“…then there are those times she becomes a Pinter dream woman: mysterious, knowing and at least slightly the moral superior of the men…”
Her name is Juliette Binoche, and in November 2000, “The New York Time” used these words to describe her debut at Broadway’s American Airlines Theatre in one of Harold Pinter’s most celebrated works: “Betrayal”. For the role Binoche received a Tony Award nomination, the most important American prize for stage acting.
Written in 1978 and performed for the first time at London’s National Theatre in November that same year directed by Peter Hall, “Betrayal” premiered in America in 1980 at the Trafalgar Theatre in New York, where it replicated 170 performances, directed again by the great Peter Hall and featuring an exceptional cast, including Raul Julia and Roy Scheider.

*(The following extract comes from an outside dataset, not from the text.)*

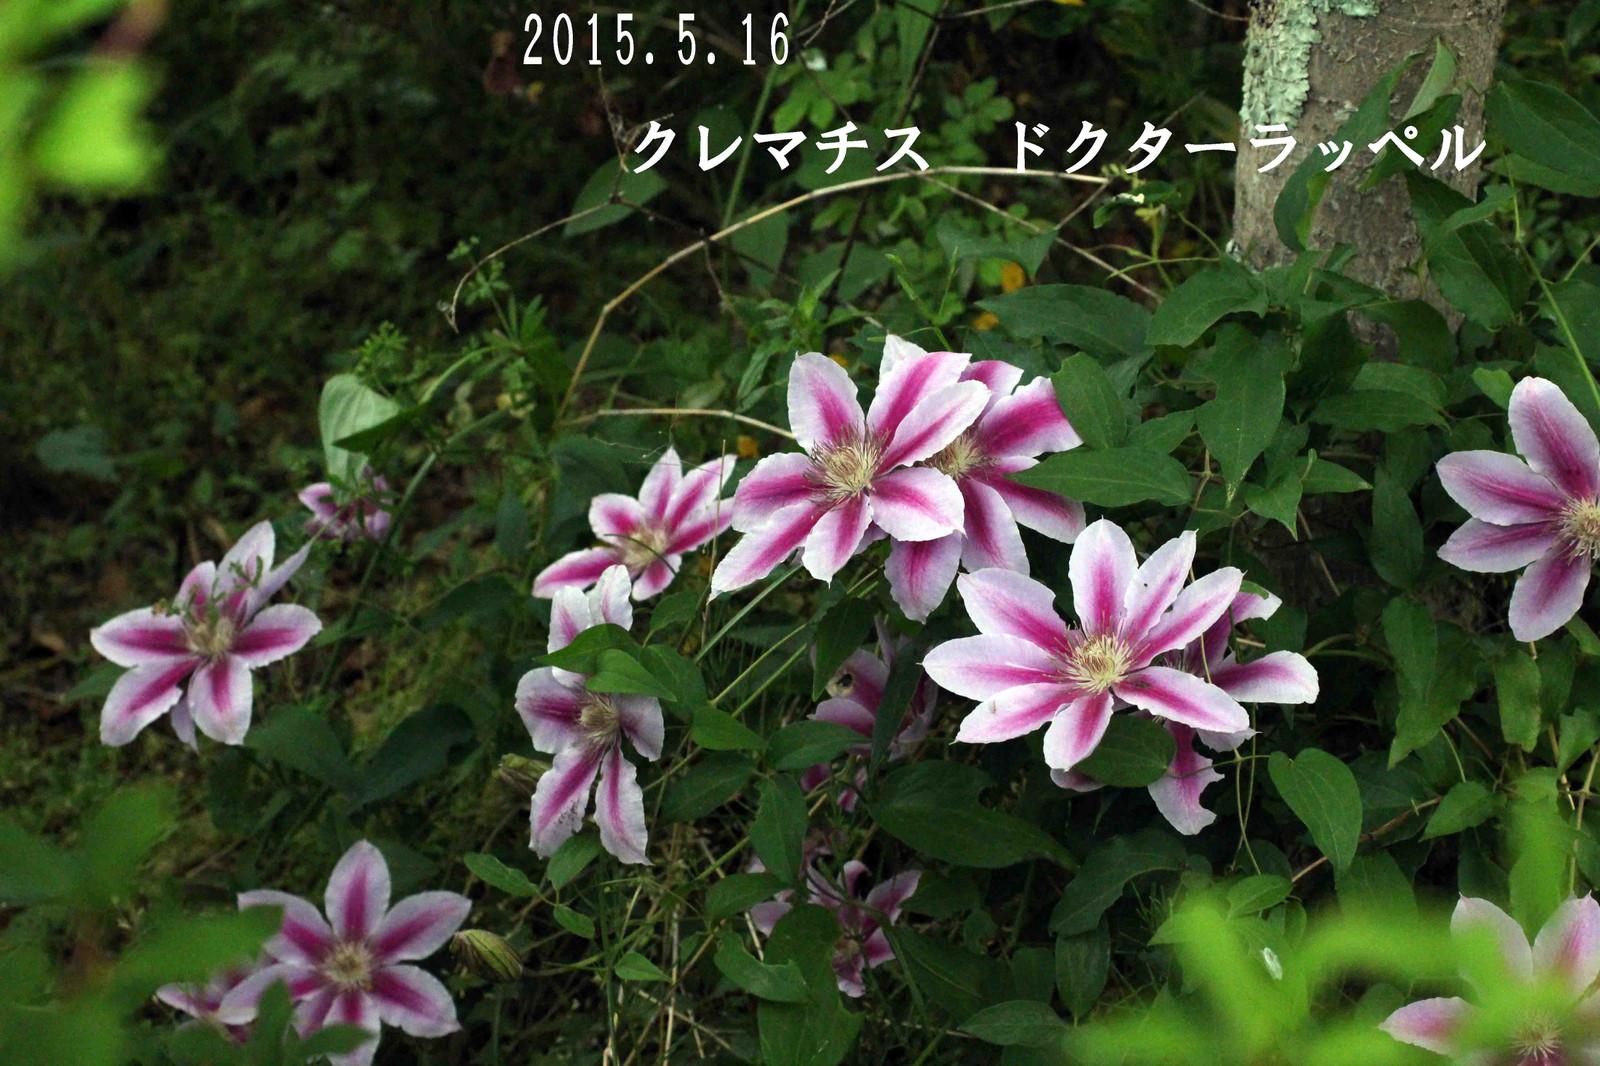 2015_05_16_9395_edited1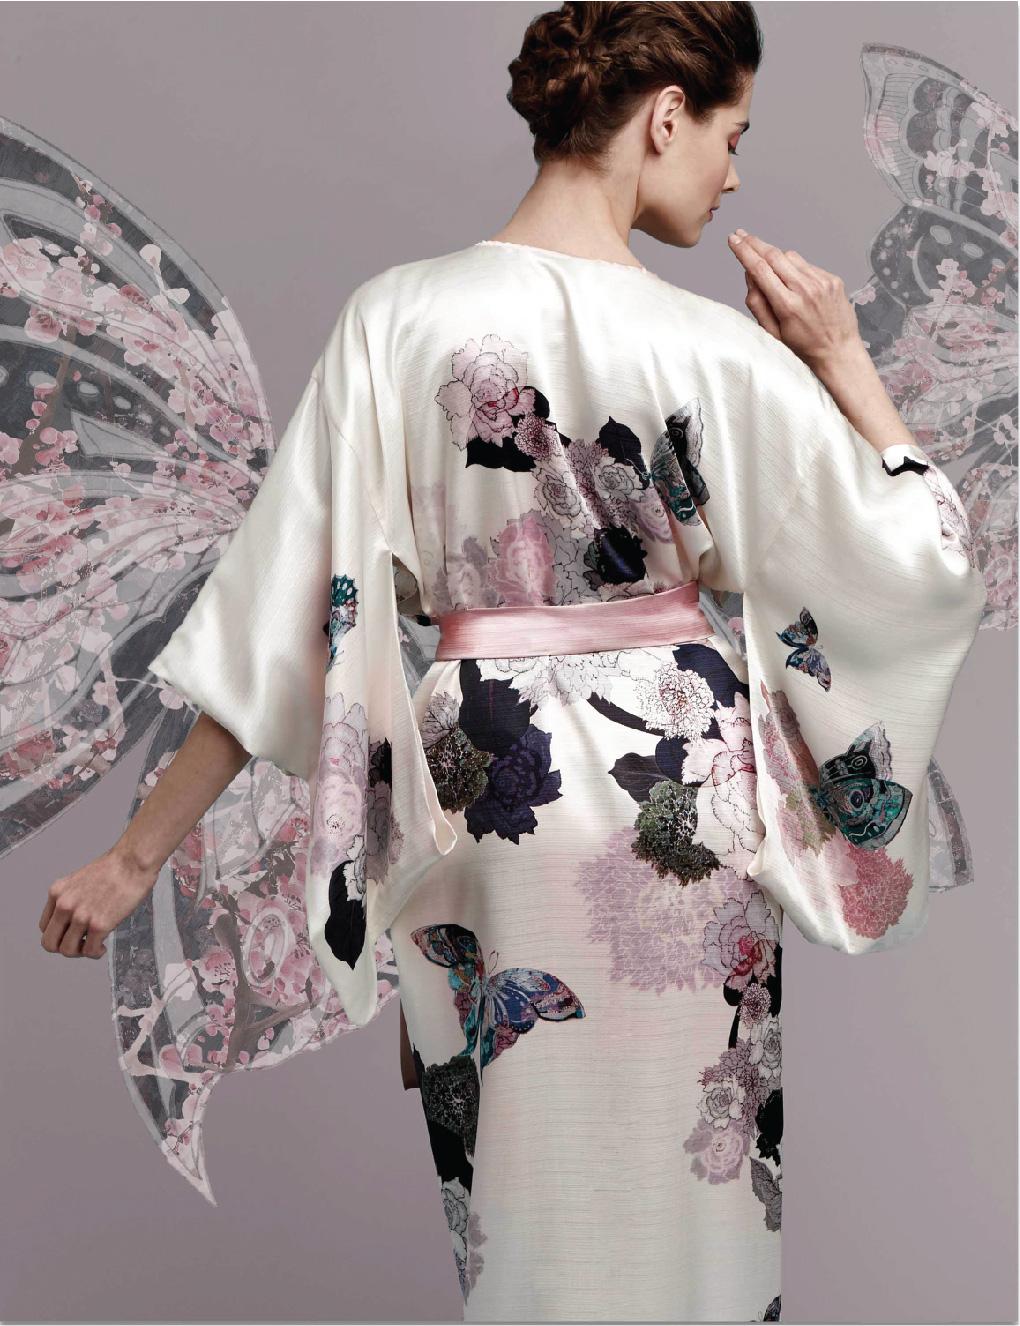 Meng-loungewear-luxury-womenswear-silk-prints-fashion-kimono-handdrawn-bloom-blossom-floral-white-pink-butterfly9.jpg

In the year 2000 revival, Binoche – directed by British director David Leveaux – played Emma, a middle-class wife who betrays her husband Robert with his best friend, Jerry. Events, which take place in London and Venice, are recounted backwards in time, with flashbacks which slowly lead up to the lovers’ first encounter and their first kiss which marks the start of a ménage à trois. Acting alongside her in the role of the lover was Liev Schreiber, the American actor whom “The New York Times” defined as the best Shakespearean actor of his generation.
An icon of French cinema, Juliette Binoche won an Oscar in 1996 for her role in “The English patient” by Anthony Minghella. She has worked with the greatest directors – Louis Malle, Jean Luc Godard, Krzysztof Kieślowski, Abel Ferrara – and has been awarded numerous prizes inclusing the Coppa Volpi in Venice (1993) for “The colours: Blue Film” by Kieślowski, the Silver Bear , again for “The English Patient” in Bering and the Palme d’Or in Cannes in 2010, for Abbas Kiarostami’s “Copie conforme”.